L’Afrique en panne. Vingt-cinq ans de développement
L’Afrique serait-elle éternellement mal partie, comme l’avait prédit, dès le début des années 1960, René Dumont ? Le maigre bilan de l’Assemblée générale extraordinaire de mai 1986 consacrée au développement de l’Afrique inciterait une nouvelle fois à le penser, comme les cris d’alarmes répétés d’Edouard Saouma. directeur exécutif de l’Organisation des Nations unies pour l’alimentation et l’agriculture (FAO). Pourtant tout espoir n’est pas mort, indique Jacques Giri, qui allie une profonde connaissance du terrain depuis 1957 à une analyse fouillée des forces et faiblesses de l’Afrique. Celle-ci, tout d’abord, n’a pas sombré : certes elle a connu bien des fléaux : guerres, famines, déplacements de populations, querelles intestines, instabilités gouvernementales ; mais le ressort n’a pas été brisé, même si la société africaine tend de plus en plus à se replier sur elle-même, ses traditions, son niveau traditionnel de subsistance. Mais que peut-il sortir de tous ces constats qui se succèdent ? L’auteur le souligne avec force : « Des organisations africaines ont bien publié des documents qui sont plus souvent une recherche de boucs émissaires et une collection de résolutions énergiques rarement suivies d’effets que des réflexions en profondeur sur la situation et l’avenir du continent ».

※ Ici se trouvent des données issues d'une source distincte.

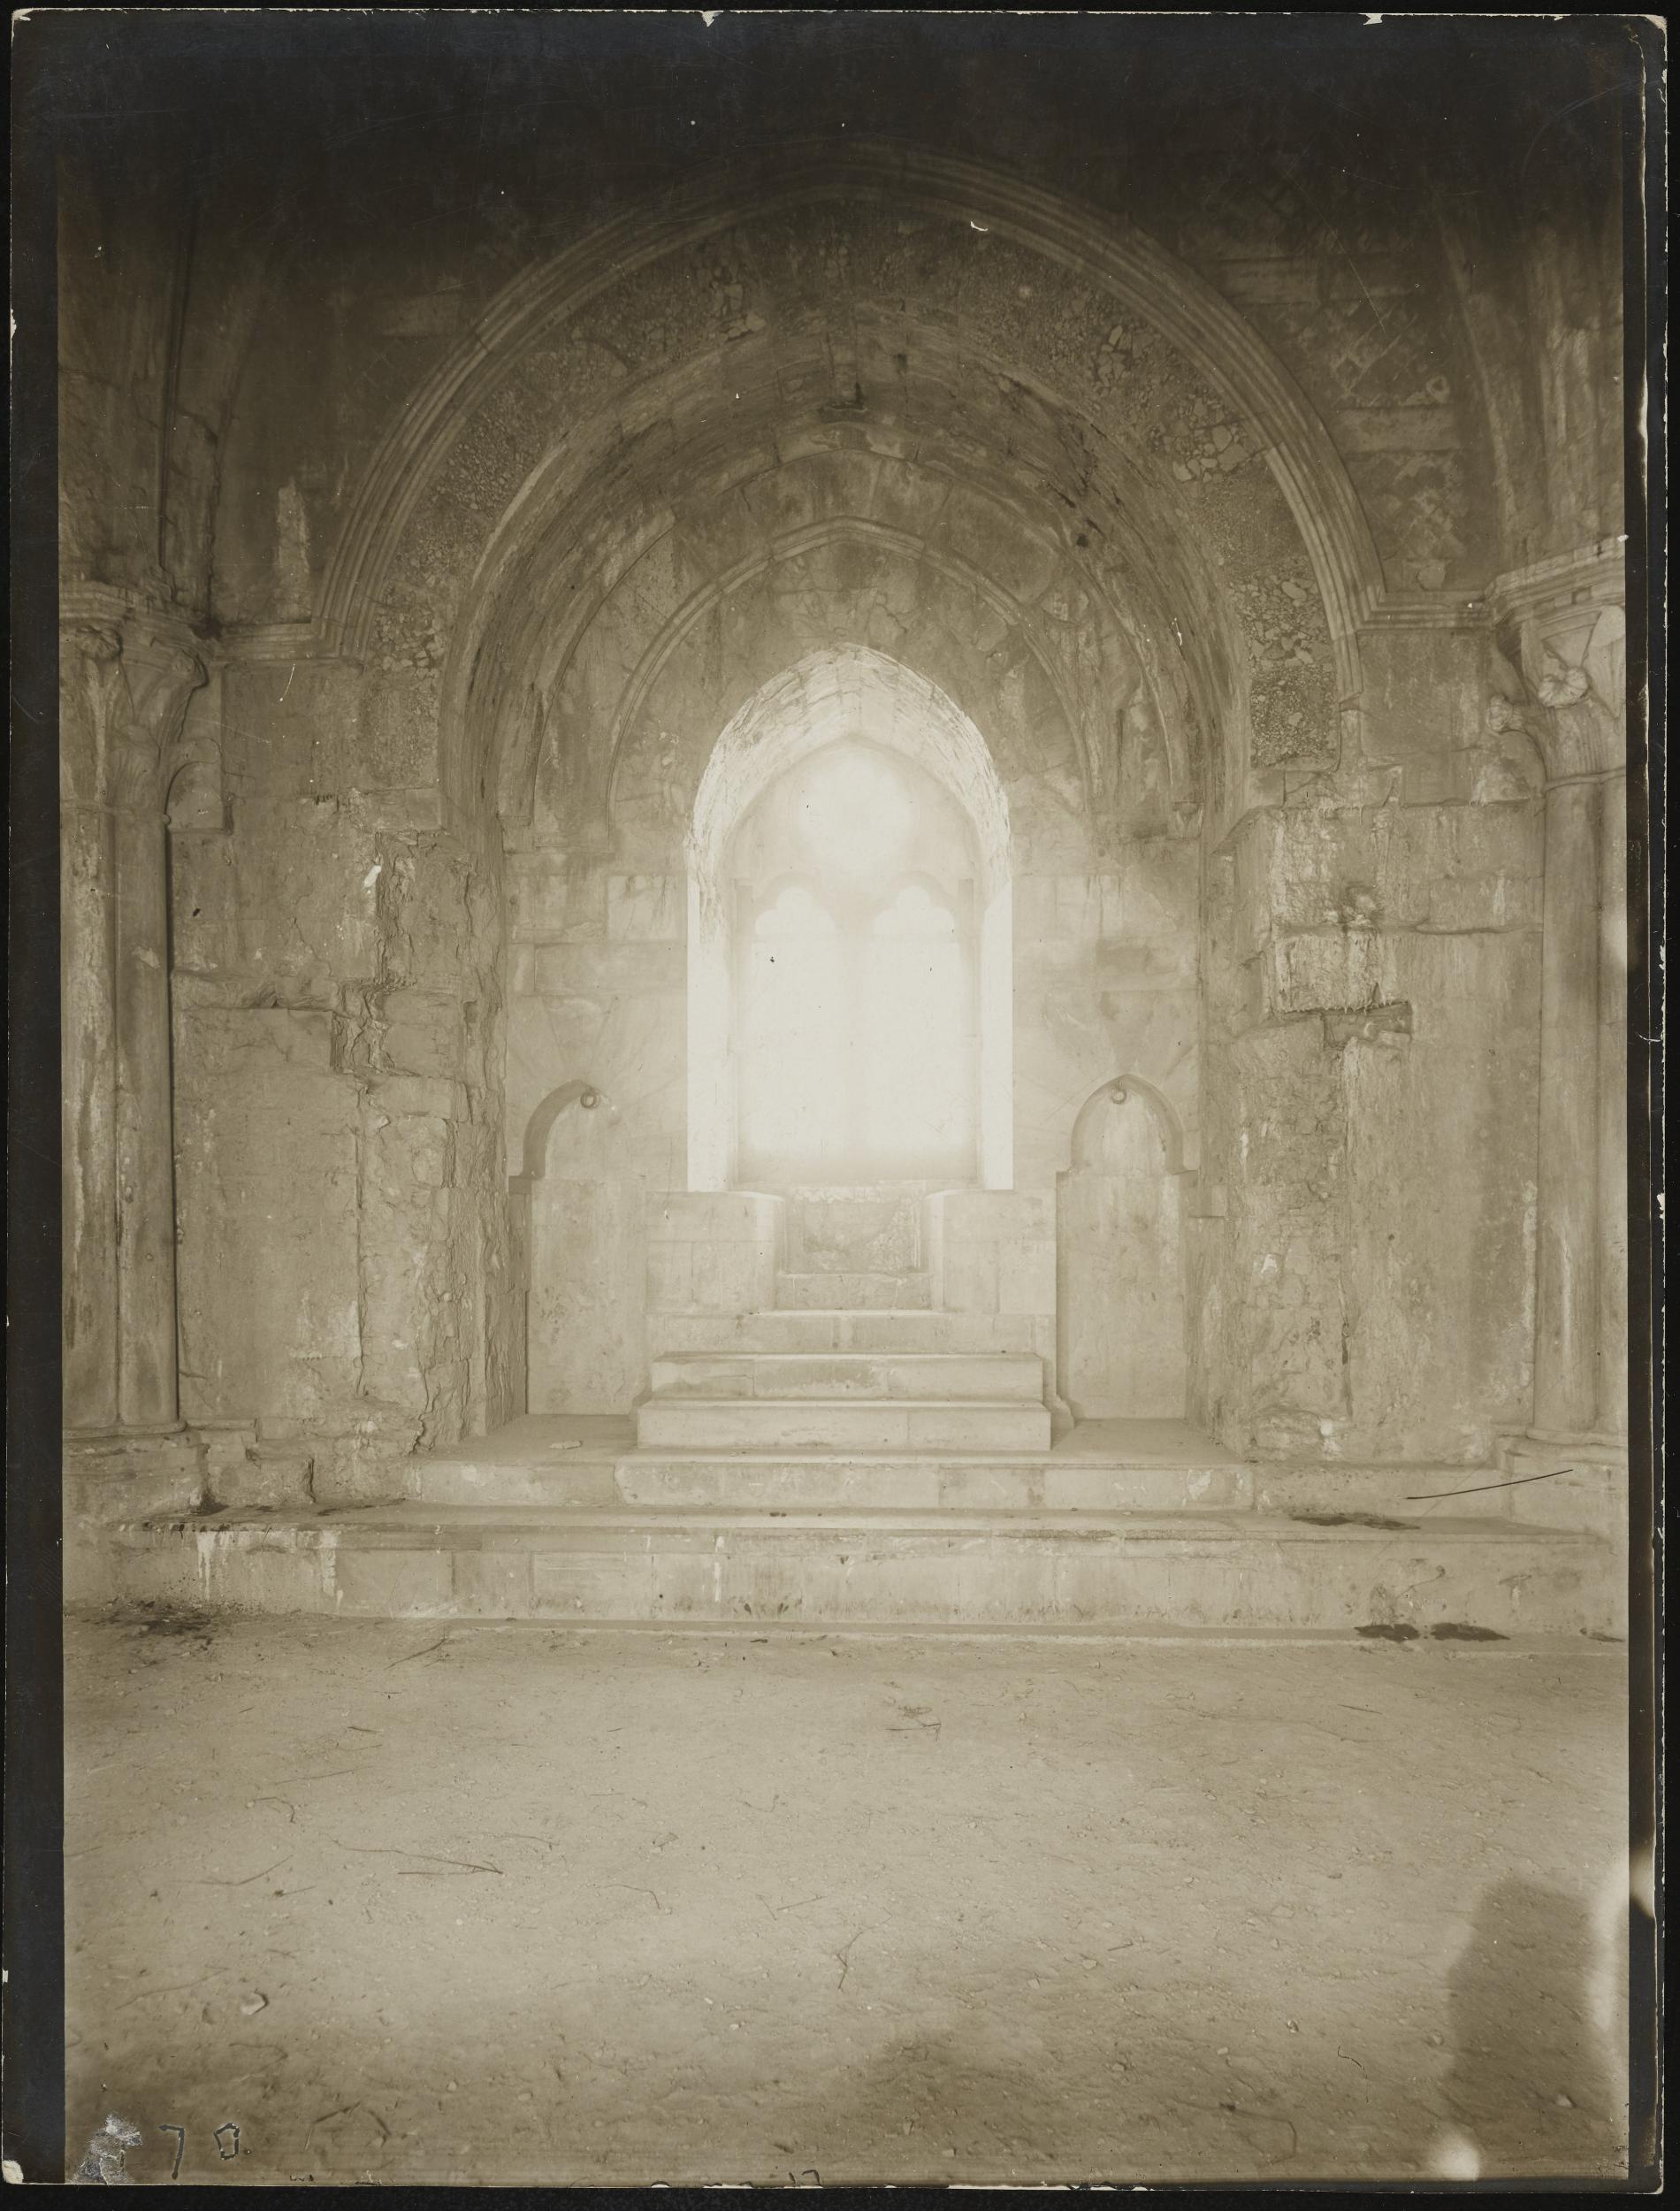 Fotografo non identificato, Andria, Castel del Monte - Sala del piano superiore, bifore, 1951-2000, gelatina ai sali d'argento/carta, MPI6016734

Muni de ce constat, après avoir décrit les principaux secteurs de l’économie africaine, il ne mâche pas ses mots. Les élites africaines lui paraissent enfermées dans un tel réseau de contraintes, sont soumises à de telles pressions que les décisions qu’elles prennent sont presque essentiellement guidées par des considérations à court terme. Aucune des analyses ou des politiques préconisées pour l’Afrique ne prend en compte le secteur informel qui pourtant témoigne du dynamisme des populations. D’où le vœu qu’il formule pour la formation de coalitions, dans lesquelles les producteurs agricoles seraient aussi inclus et qui orienteraient les politiques vers une moindre ponction des revenus ruraux et vers des taux de change moins surévalués, plus favorables aux exportateurs de produits tropicaux et moins aux consommateurs de biens importés, en particulier d’aliments (p. 182). Au-delà de la situation actuelle, il lui paraît donc possible d’aider mieux l’Afrique et de cesser d’accroître des infrastructures et des investissements sociaux qui ne sont souvent utiles qu’à une minorité et qui sont devenus disproportionnés avec la base productive. Telles sont quelques-unes des remarques de bon sens de Jacques Giri. Mais le bon sens serait-il encore la chose au monde la mieux partagée ?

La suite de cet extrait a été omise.